Не человеком, не мужчиной тридцати или даже сорока лет, сказал он вслух, отчего-то испытывая удовольствие от бессмысленности говоримых им слов. Не учителем русской словесности, продолжил он, смакуя на слух и вкус каждое слово, не старым бакенщиком, не профессором математики, не марсианином и не грустным зоологом, не сторожем, и не мертвецом, и не писателем Фолкнером, не Клинтом Элайэсом Иствудом (Clinton Elias Eastwood). Не летом и не зимой. А ем, подумал он, приподнялся на локте и выпил остаток пива из банки. Кем, думал он, переворачиваясь на живот. Кожу быстро начинало припекать. Солнце, марево, редкие, легчайшие, скользящие между барханами сквозняки жгли и полировали каждую клетку тела. Женщиной, подумал он. Здесь после пива и секса с Лиз я становлюсь песочной двуполой женщиной. Да, если хорошенько разобраться, он каждый раз отдавал Лизе чуток мужского, но взамен, в освободившиеся лакуны, как пространство в тексте между скобками, принимал женское. Она ничего не замечала, убегала купаться, а Вася, наполненный образовавшимся двуначалием, вслушивался и растворялся. Солнечный ветер размазывал его в песке и шорохе, в горячем зное и сквозняках. Клинтэлайас, свистел ветер, Клинтэлайас.
Хорошо бы нам с тобой стать жабами, сказала Лиза и положила мокрые холодные ладони ему на живот. Я как раз сейчас думал об этом, вздрогнув, сказал Вася. Здесь жабы очень крупные. Возможно, сказал он, это и не жабы вовсе. А кто? Это отдыхающие, которые не захотели отсюда уезжать. Или их застрелили. Они хотели уехать, но их убили. Да, сказал Вася, твой муж приходил сюда и убивал их по одному. По два, уточнила она. Он приходил сюда ночами, подстерегал их за лодками, где они совокуплялись и прятались от пронизывающего ветра, и убивал.

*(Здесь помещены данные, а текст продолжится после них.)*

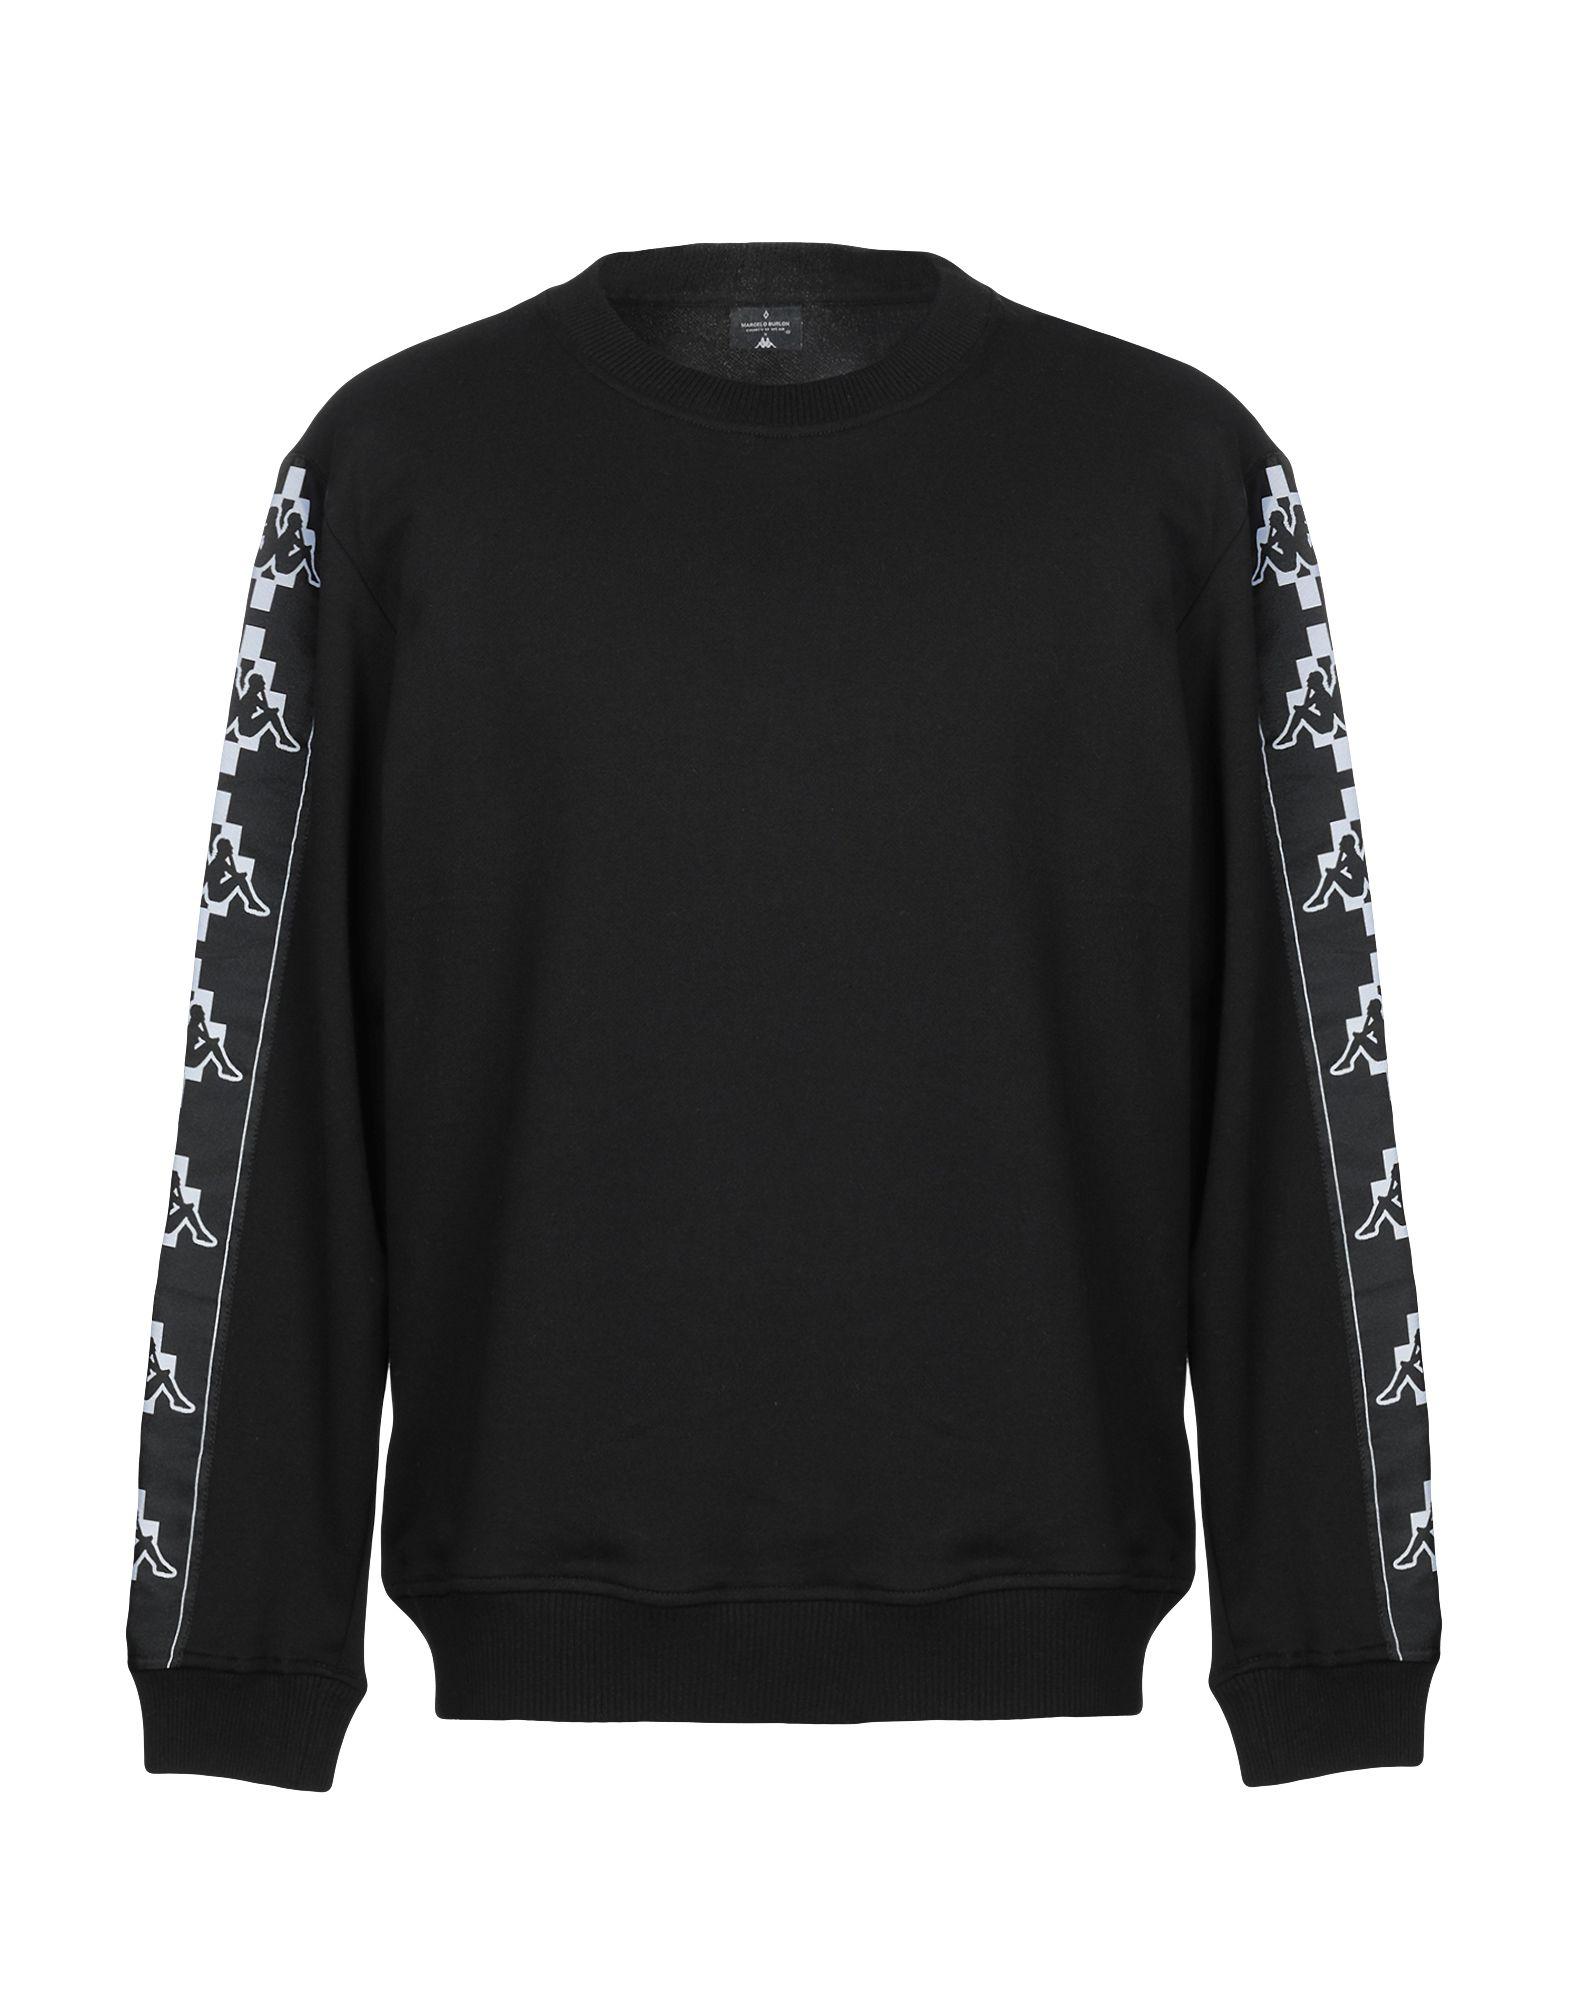 5860ef850aff Marcelo Burlon X Kappa Sweatshirt - Men Marcelo Burlon X Kappa ...

Их трупики скукоживались сразу, сморщивались, предположил Вася и искоса посмотрел на Лизу. Да, с таким характерным шипением, уточнила Лиз, из них выходило все человеческое, оставалось рыбье. В них проникал песок, убежденно заявил Вася, сел на подстилке и достал еще две банки пива. Пей, они же нагреваются. Я одну упаковку опустила в ручей, сказала Лиз. Они помолчали.
А те из них, кто были счастливы в момент смерти, – те становятся птицами, предположила она. Ага, кивнул он, птицами, у которых пола нет вовсе! В первые минуты смерть им не кажется чем-то плохим. Да-да, подхватила Лиз, ничем таким, от чего стоило бы горевать. Они до утра стоят на одной ноге в воде лимана, в мелком заливе между стеной камыша и глинистым берегом, дожидаясь солнца. А потом осторожно приближаются друг к другу, чтобы начать новую жизнь. Но у них ничего не выходит.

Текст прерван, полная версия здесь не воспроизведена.